Repaired Products will be returned to the purchasing party FOB the supplying
party's shipping point (ICC Incoterms 1990), within ninety (90) days after
receipt of the defective Products by the supplying party; however, the
supplying party will use reasonable efforts to return repaired Products within
forty-five (45) days.

7.       INDEMNIFICATION

         7.1     INDEMNIFICATION BY THE SUPPLYING PARTY.  The supplying party
shall indemnify and hold harmless the purchasing party and the purchasing
party's managers, officers, employees, and agents from and against any and all
losses, costs, liabilities or expenses (including court costs and reasonable
attorney's fees) arising out of or in connection with the supplying party's
performance under or breach of this Agreement to the extent that such claims
arise out of or result from (a) claims by third parties or (b) claims by the
purchasing party for personal injury or property damage which arise out of (i)
a defect (as determined in accordance with the Product Warranty set forth in
Section 6.1 hereof) in the manufacture of any Products by the supplying party
or (ii) the negligent act or omission of the supplying party.

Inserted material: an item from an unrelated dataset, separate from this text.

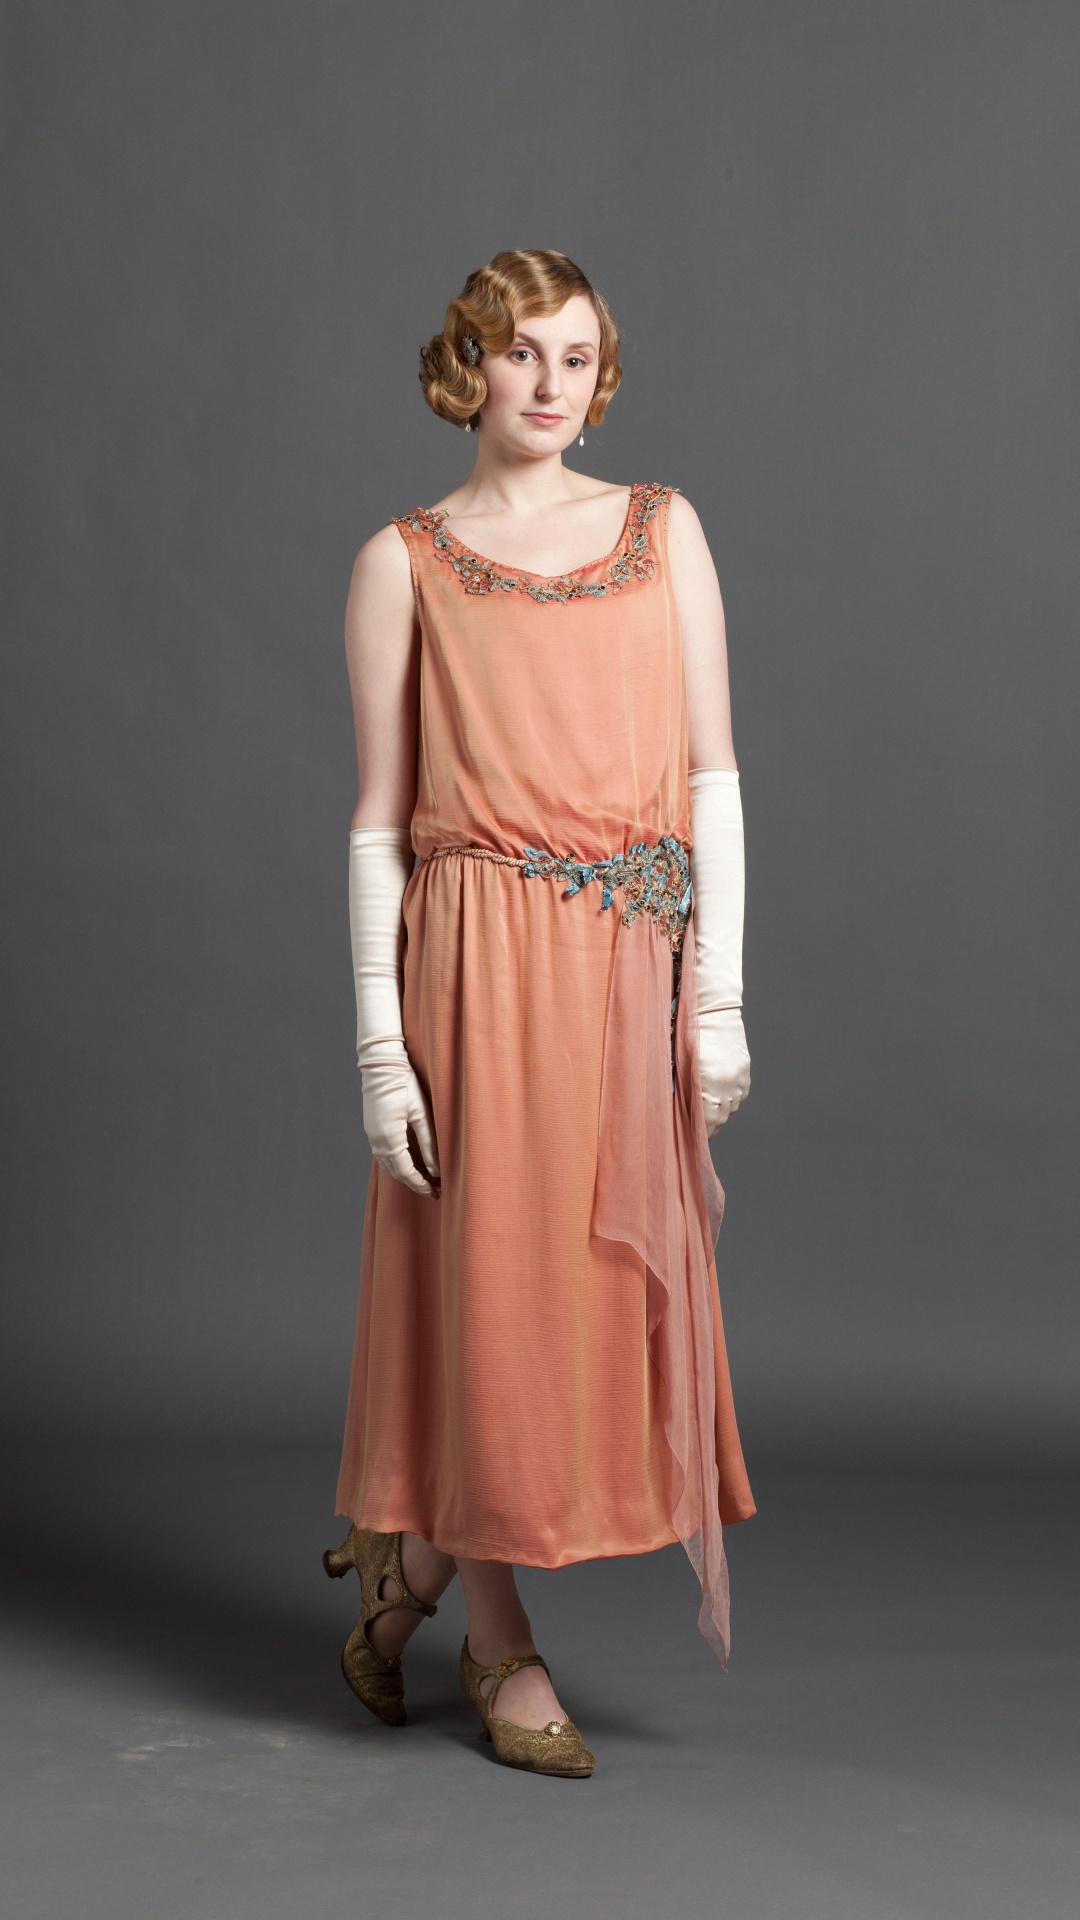 Downton Abbey, Vêtement, Modèle de Mode, Robe de Jour, Mode. Wallpaper in 1080x1920 Resolution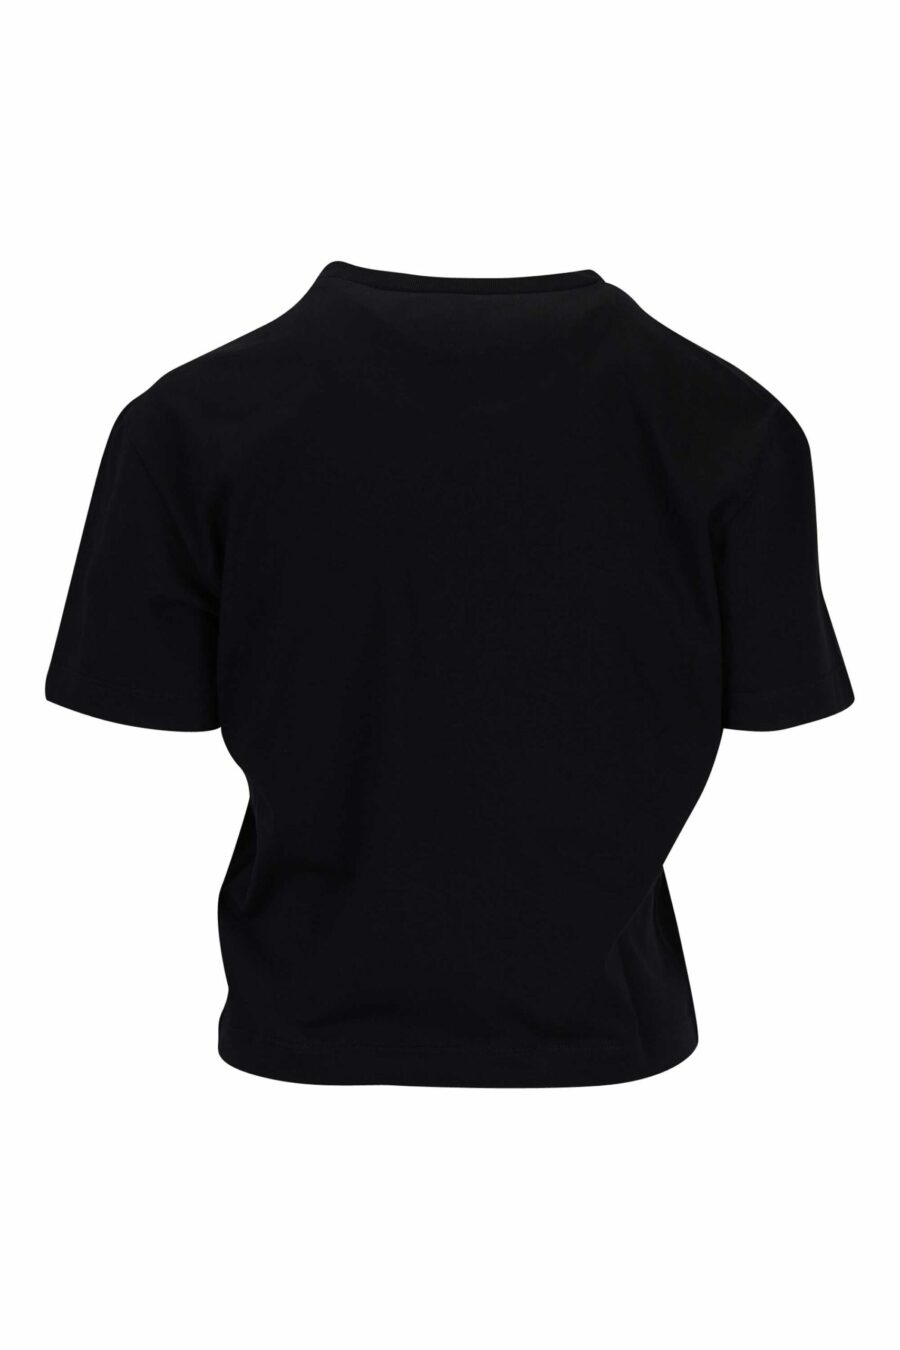 Camiseta negra con logo corazón transparente - 8054148332044 1 scaled

         7.2     INDEMNIFICATION BY THE PURCHASING PARTY.  The purchasing party
shall indemnify and hold harmless the supplying party and the supplying party's
managers, officers, employees, and agents from and against any and all losses,
costs, liabilities or expenses (including court costs and reasonable attorney's
fees) arising out of or in connection with the purchasing party's performance
under this Agreement to the extent that such claims arise out of or result from
(a) claims by third parties or (b) claims by the supplying party for personal
injury or property damage which arise out of (i) the sale or other distribution
of Products by the purchasing party, (ii) any representation made or warranty
given by the purchasing party with respect to any Product, (iii) the sale or
use of any product which is not supplied by the supplying party and which is
sold or combined with a Product supplied by the supplying party,





                                       6.
   7
(iv) repairs or services rendered by the purchasing party or (v) the negligent
act or omission of the purchasing party.

         7.3     INDEMNIFICATION PROCEDURE.  The party seeking indemnification
(the "INDEMNIFIED PARTY") shall (a) give the other party (the "INDEMNIFYING
PARTY") notice of such claim, (b) cooperate with the Indemnifying Party, at the
Indemnifying Party's expense, in the defense of such claim, and (c) give the
Indemnifying Party the right to control the defense and settlement of any such
claim, except that the Indemnifying Party shall not enter into any settlement
that affects the Indemnified Party's rights or interest without the Indemnified
Party's prior written approval.  The Indemnified Party shall have no authority
to settle any claim on behalf of the Indemnifying Party.

8.       CONFIDENTIALITY

         8.1     OBLIGATION OF CONFIDENTIALITY.  Without the prior written
consent of the disclosing party, no receiving party, its officers, directors,
agents or employees shall, in the case of Confidential Information (as defined
below), both during the term of this Agreement and until five years after the
expiration of the last to expire of the patents licensed under the Main
Agreement, in any manner whatsoever disclose or communicate such information to
a third party, except as legally required by any governmental or judicial
agency, and BTC and JCI each agree to keep such Confidential Information
strictly confidential.  For the purpose of this Agreement, the term
"CONFIDENTIAL INFORMATION" shall mean and include any and all business and
financial information relating to BTC or JCI (including, without limitation,
customer lists), all technical information (including, without limitation,
design specifications, instructions, know- how, and inventions claimed by TMF
Technology patents) relating to the Technology, the JCI TMF Developments and
the Products, information concerning this Agreement and its terms and
conditions, information received from a third party who is not a party to this
Agreement under an obligation of confidentiality, and all information which BTC
or JCI should reasonably expect to be considered Confidential Information.
Confidential Information may be communicated orally, in writing or in any other
recorded or tangible form.  "Confidential Information" shall not include any
information which:

                 (a)      has become or entered the public domain through no
act or omission of the receiving party;

                 (b)      was in the possession of the receiving party prior to
or at the time of receipt hereunder, which possession the receiving party can
demonstrate through competent written records;

                 (c)      was or has been obtained lawfully from a third party;
provided, however, that such third party shall not include BTC or JCI;

                 (d)      has been independently developed by the receiving
party without violation of its obligation under this Agreement, which
independent development the receiving party can demonstrate through competent
written records.





                                       7.
   8
         8.2     OBLIGATION NOT TO USE.  BTC and JCI each agree that it shall
not use any Confidential Information obtained from the other party for any
purpose whatsoever except in the manner expressly provided for in this
Agreement and in the Main Agreement; provided, however, that BTC and JCI may
disclose information about this Agreement if legally required to do so in order
to comply with securities laws, as well as to customers and to existing and
potential investors in, or acquirors of, BTC and JCI.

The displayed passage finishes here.